2021年12月6日

九里の打たれ強さはそういうことだったのか


同期入団の大瀬良と九里亜蓮。ともにFA宣言せず、来シーズンもカープでプレーすることに。

近年、エースとしての風格が増してきた大瀬良(身体はちょっと弱いけど)。カープ残留を発表した会見でも、「移籍してしまうと、カープの子には伝えられなくなる。カープで学んだことは、カープでつないでいくという思いが強かった」と、さながら伝道師か、高僧か。

大瀬良の言葉を聞いていると、トップに立つにふさわしい人のものと思う(佐々岡監督も学んでほしい)。ますますリーダーの風格が。マウンド外での存在感をも増してきた。

一方、九里は、会見やヒーローインタビューでは、わりと定型、紋切り型。話が面白いと思うことは、ほぼない。でも、いいんです。プレーヤーは、プレーで語れば。プレーでサービスしてくれれば(でも、面白いこと言う人は大好物です)。


今年、最低なことが多かったカープの中で、遅まきながら4月下旬、九里のよさ・すごさに気づいたのは、個人的に忘れがたい出来事の一つでした。

4月23日の巨人戦。九里が菅野智之と投げ合って、ともに完投した試合。援護に恵まれず、2対1で九里は負け投手に。

それでも、打たれても、打たれなくても、自分の仕事はこういう仕事。と、ベンチに戻ったときの投げ終えた淡々とした表情がものすごく美しかった。

九里には、打たれても悲壮感がない。野手に妙な緊張感を与えない。

エースとしての佇まいに風格を感じさせる大瀬良や、心技体と華を兼ね備えた森下暢仁とはまた違ったエース像が九里にはある、と思った。


と、今日は九里のことを書こうと書き始めていたら、「プロフェッショナル 仕事の流儀」(NHK)で、田中将大を特集していた。

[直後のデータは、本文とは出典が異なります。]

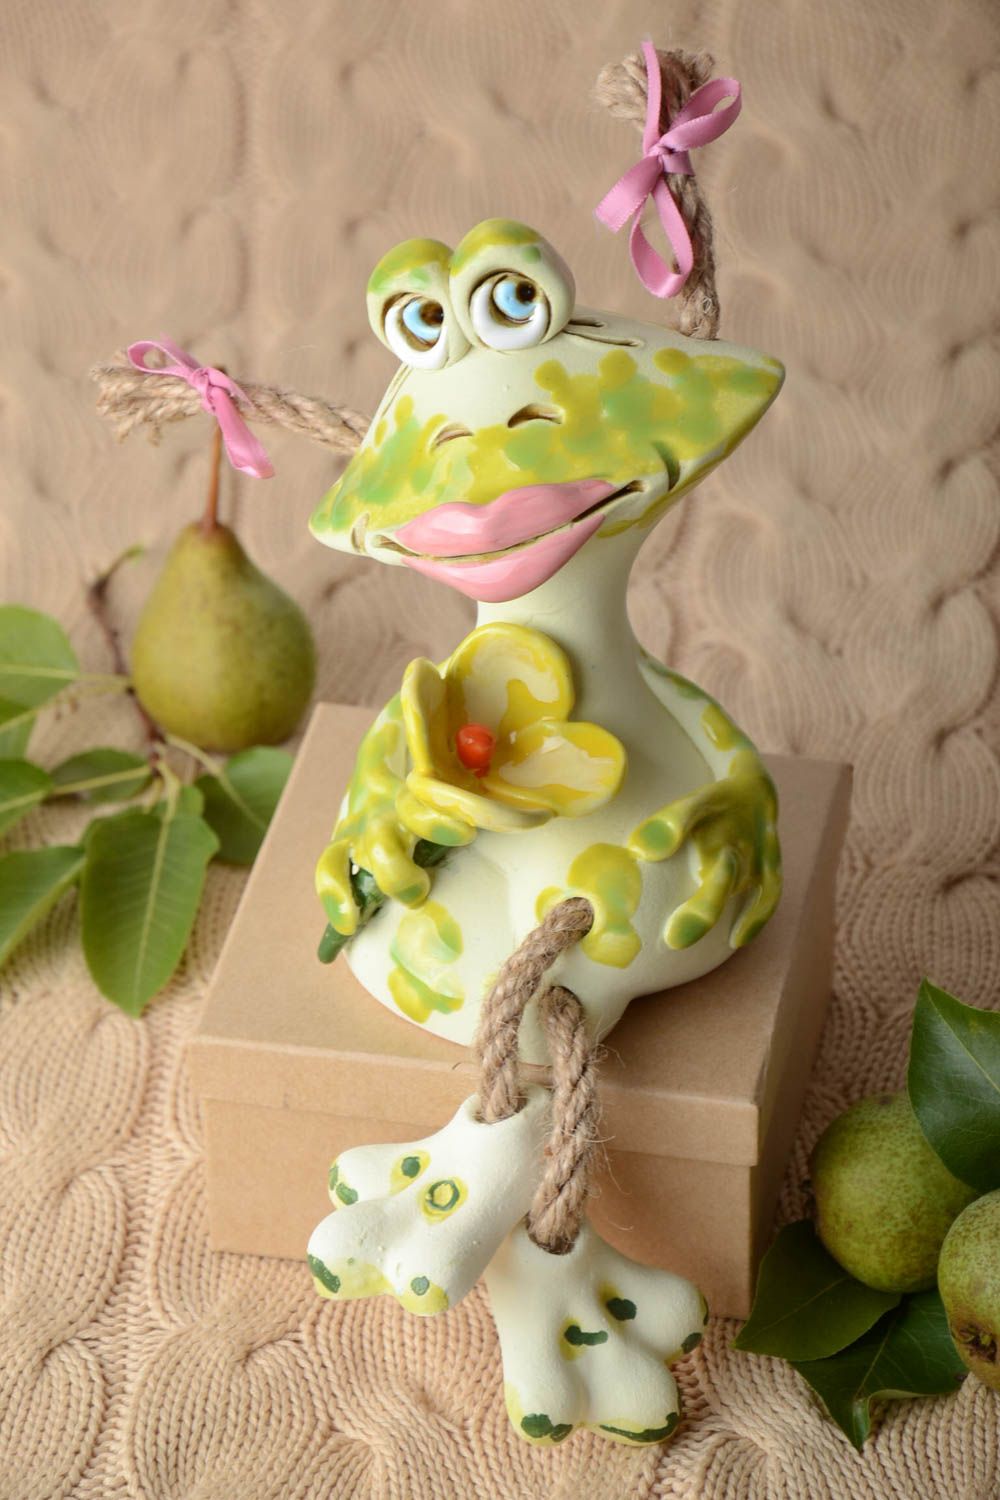 Keramik Handarbeit Spardose Frosch Geschenk Idee Haus Dekoration schön foto 1

今シーズン、メジャーから楽天に復帰した田中。防御率は悪くなかったが、4勝9敗と負けが先行。自分が投げた日に勝ちがつかないどころか、チームが負けてしまう苦しい日が続いた。

今年の森下と重なった。

楽天の野手は、「田中さんが投げる日は負けてはいけない雰囲気がある。緊張がある」と話していた。やっぱりか。そこもまた、なかなか勝ちがつかなかった時期の森下と少し重なった。

その点、九里は、完璧で隙のないピッチングを目指すというよりは、適度に打たれ、勝っていくタイプ。緊張を与えない雰囲気がある。

かつての田中や、今の山本由伸や、調子のいいときの森下のような、負ける感じがしない投球は見ていてうっとりするものがありますが、九里の、打たれ強い良さにハタと気づき、目から鱗だったのでした。


で、先日、家族と九里の話をしていて、案外九里のことをよく知らないことに気づいて、今さらWikipediaをチェック。

九里ファンやカープファンの方にとってはよく知られたことかもしれないけれど、私、初めて知りました。

中学時代は不良グループの特攻隊長をつとめていたこと。中学3年の夏休みには不良グループからの脱退をめぐって、野球の大会への参加を妨害される嫌がらせにあったこと。

大会にはなんとか参加できたけど(よかった、よかった)、仕返しを恐れたおばあちゃんが九里を転校させ、待ち伏せされる可能性があるので、学校への行き帰りを車で送り迎えしていたという話(おばあちゃん、がんばった)。


思春期にそんな修羅場を経験していたとは。

マウンドで、打たれたごときで動じないのは、そういう経験を経てきたからなのかと、説得力ズドーンでした(wikiに書かれていることが事実であればですが)。

2015年の中日との最終戦でリリーフして打たれ、試合後、号泣していた大瀬良(また言われてます)とはものが違うというか。

4月ごろ、大瀬良や森下とは違う九里のエース像に気づき、11月にその裏づけを得、九里の面白さをかみしめているオフシーズン。開幕が、あぁ待ち遠しい。